Algorithms act according to what they are trained for, and human beings are the ones training them. Therefore, when algorithms are clearly reinforcing existing inequalities, it is crucial to question who writes these algorithms, and in whose interests they are writing them. More importantly, these people should be held accountable for the socio-spatial effects of their products. As local governments have failed to build a good spatial data infrastructure for informal settlements, other stakeholders are stepping in and the authors raise the threat posed by algorithms moderated by big tech corporations deciding the boundaries ad features of neighbourhoods.
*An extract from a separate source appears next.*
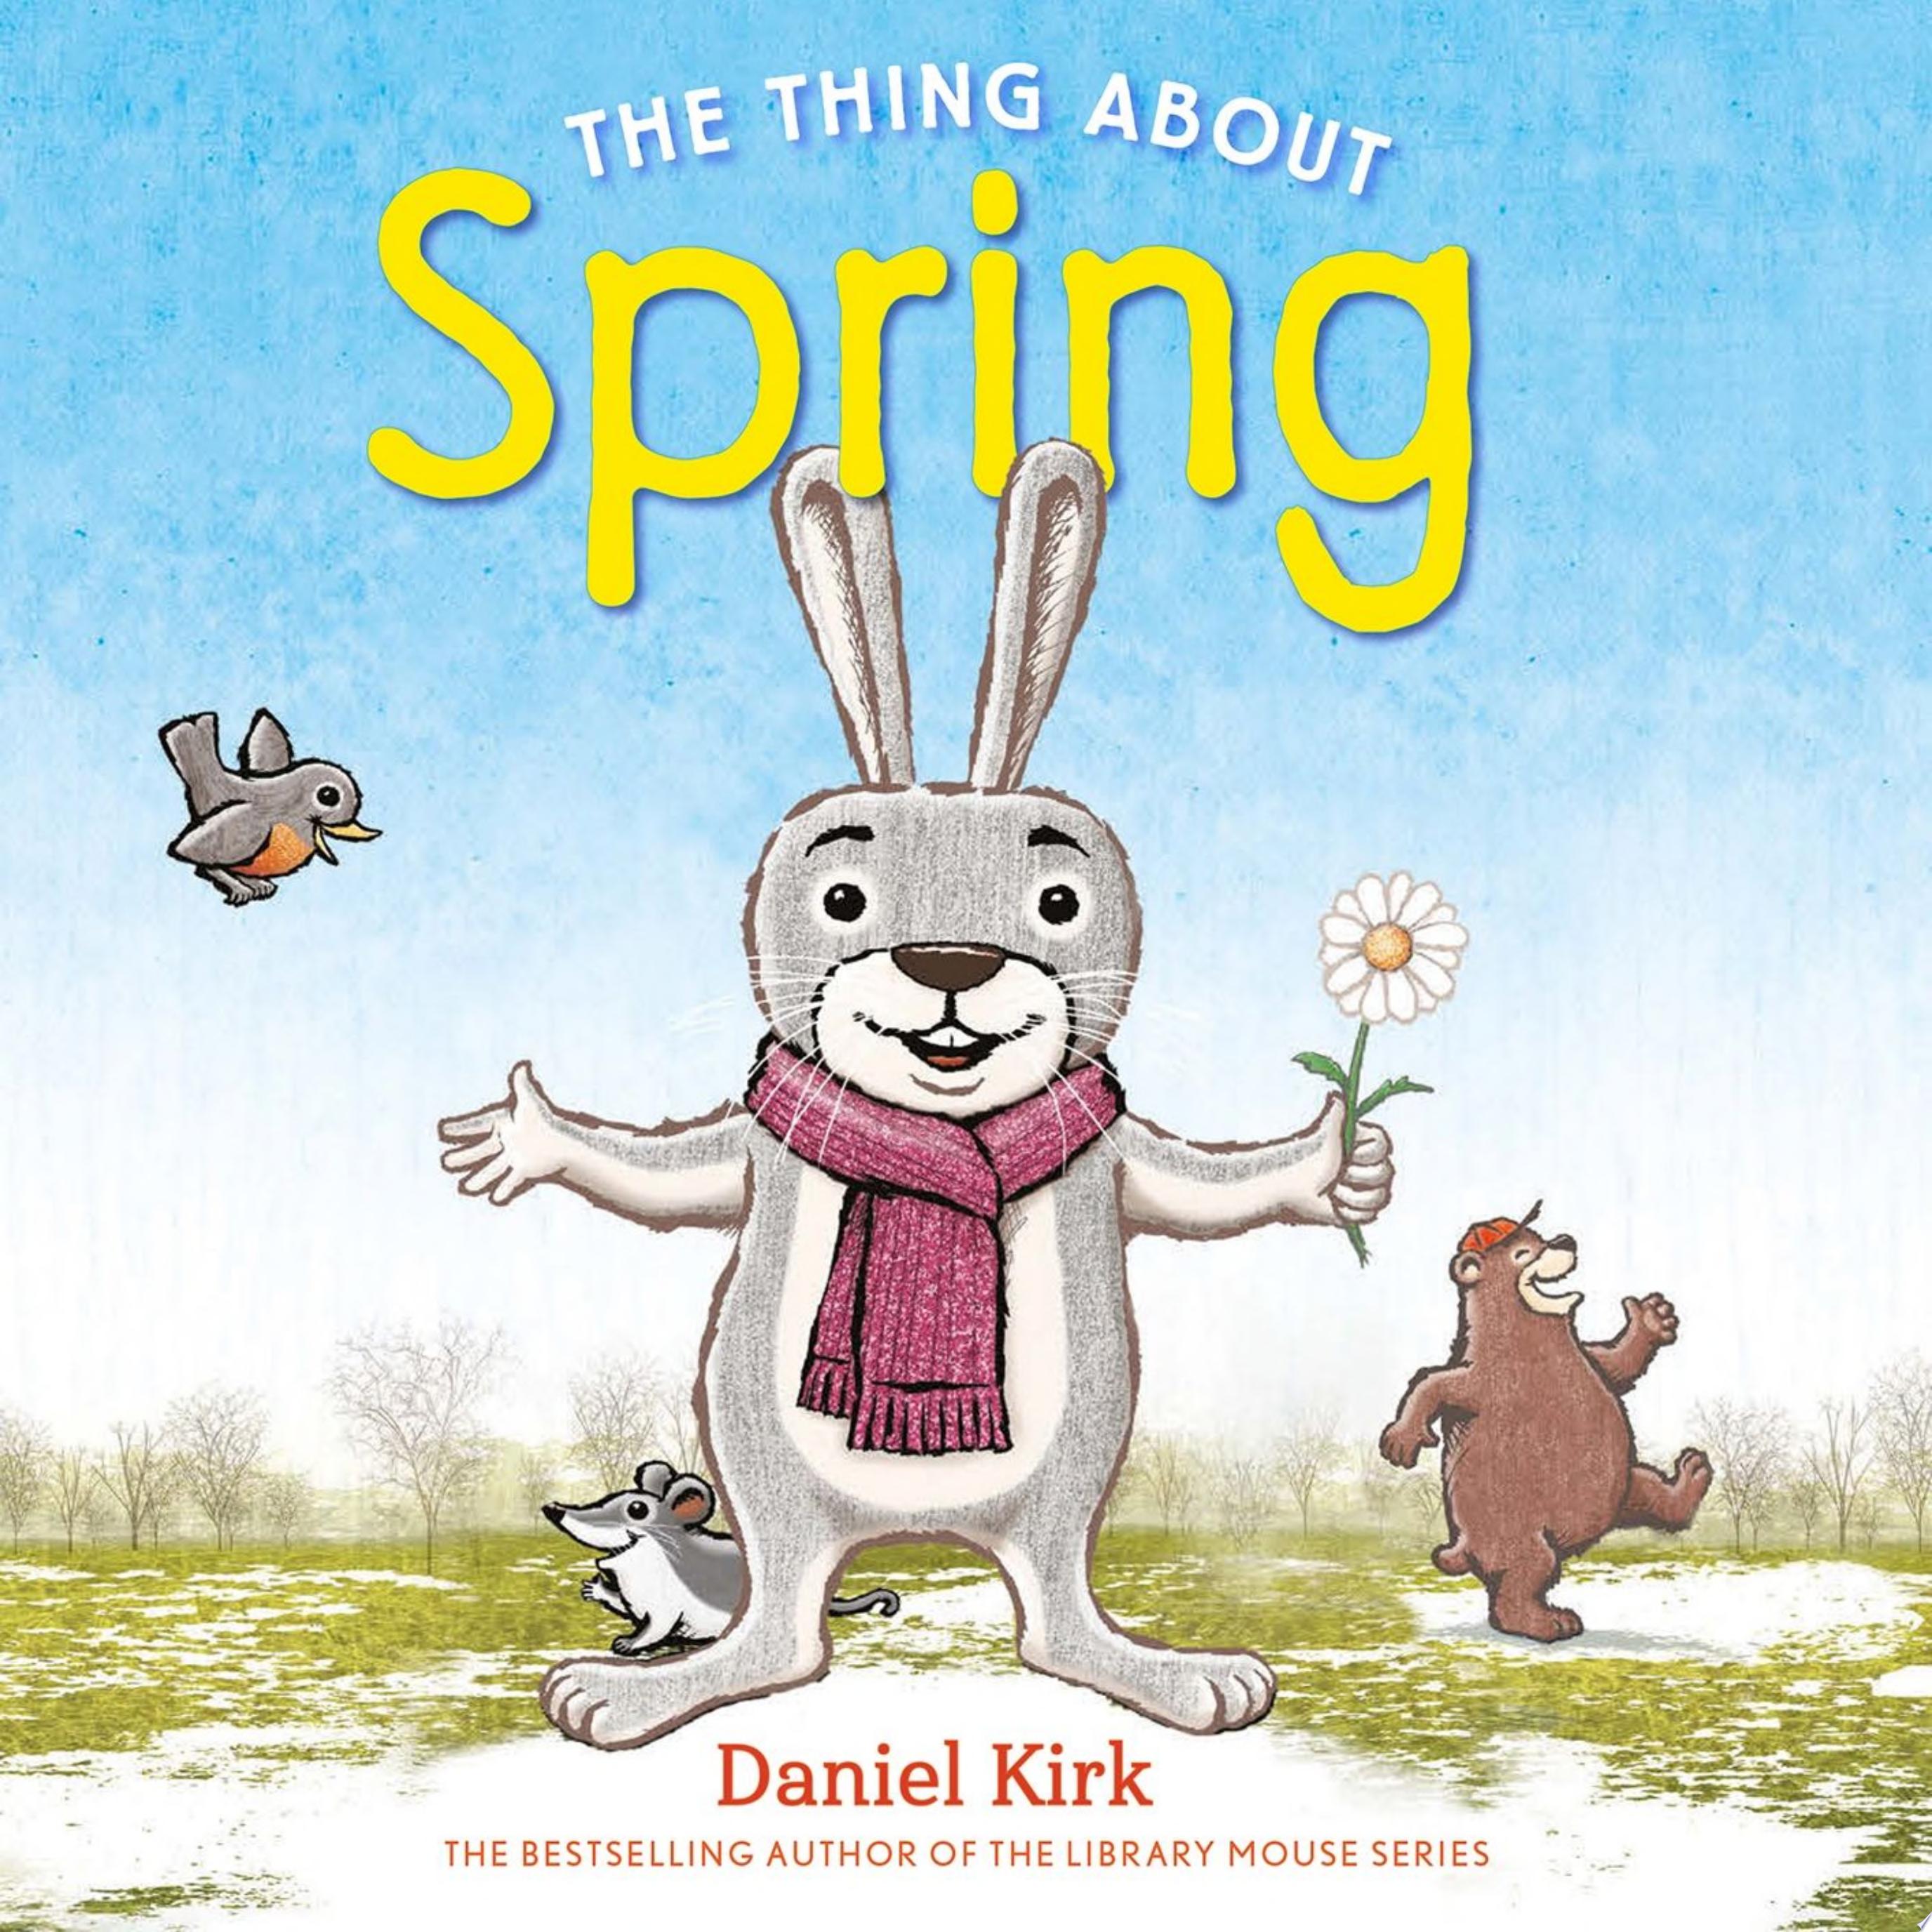 Image for "The Thing About Spring"

Mapping of available health research and development data: what's there, what's missing, and what role is there for a global observatory?
Røttingen J, Regmi S, Eide M, Young AJ, Viergever RF et al: The Lancet, Early Online Publication, 20 May 2013

In this study, the authors aim to provide a comprehensive description of available data sources, propose a set of indicators for monitoring the global landscape of health research and development (R&D), and present a sample of country indicators on research inputs (investments), processes (clinical trials), and outputs (publications), based on data from international databases. Total global investments in health R&D (both public and private sector) in 2009 reached US$240 billion. Only about 1% of all health R&D investments were allocated to neglected diseases in 2010. Diseases of relevance to high-income countries were investigated in clinical trials seven-to-eight-times more often than were diseases whose burden lies mainly in low-income and middle-income countries. This report confirms that substantial gaps in the global landscape of health R&D remain, especially for and in low-income and middle-income countries. Too few investments are targeted towards the health needs of these countries. Better data are needed to improve priority setting and coordination for health R&D, the authors argue, ultimately to ensure that resources are allocated to diseases and regions where they are needed the most. The establishment of a global observatory on health R&D, which is being discussed at WHO, could address the absence of a comprehensive and sustainable mechanism for regular global monitoring of health R&D.

Maternal mortality in South Africa in 2001: from demographic census to epidemiological investigation
Garenne M, McCaa R and Nacro K: Population Health Metrics 6(4), 21 August 2008

Maternal mortality remains poorly researched in Africa, and is likely to worsen dramatically as a consequence of HIV/AIDS. The 2001 census of South Africa included a question on deaths in the previous 12 months, and two questions on external causes and maternal mortality, defined as "pregnancy-related deaths". A microdata sample from the census permits researchers to assess levels and differentials in maternal mortality, in a country severely affected by high death rates from HIV/AIDS and from external causes. After correcting for several minor biases, our estimate of the Maternal Mortality Ratio (MMR) in 2001 was 542 per 100,000 live births. This level is much higher than previous estimates dating from pre-HIV/AIDS times. This high level occurred despite a relatively low proportion of maternal deaths (6.4%) among deaths of women aged 15-49 years, and was due to the astonishingly high level of adult mortality, some 4.7 times higher than expected from mortality below age 15 or above age 50. The main reasons for these excessive levels were HIV and AIDS and external causes of deaths. The differentials in MMR were considerable: 1 to 9.2 for population groups (race), 1 to 3.2 for provinces, and 1 to 2.4 for levels of education. Relationship with income and wealth were complex, with highest values for middle income and middle wealth index. Demographic census microdata offer the opportunity to conduct an epidemiologic analysis of maternal mortality. Indirect causes of maternal deaths appear much more important than direct obstetric causes. The MMR appears no longer to be a reliable measure of the quality of obstetric care or a measure of safe motherhood.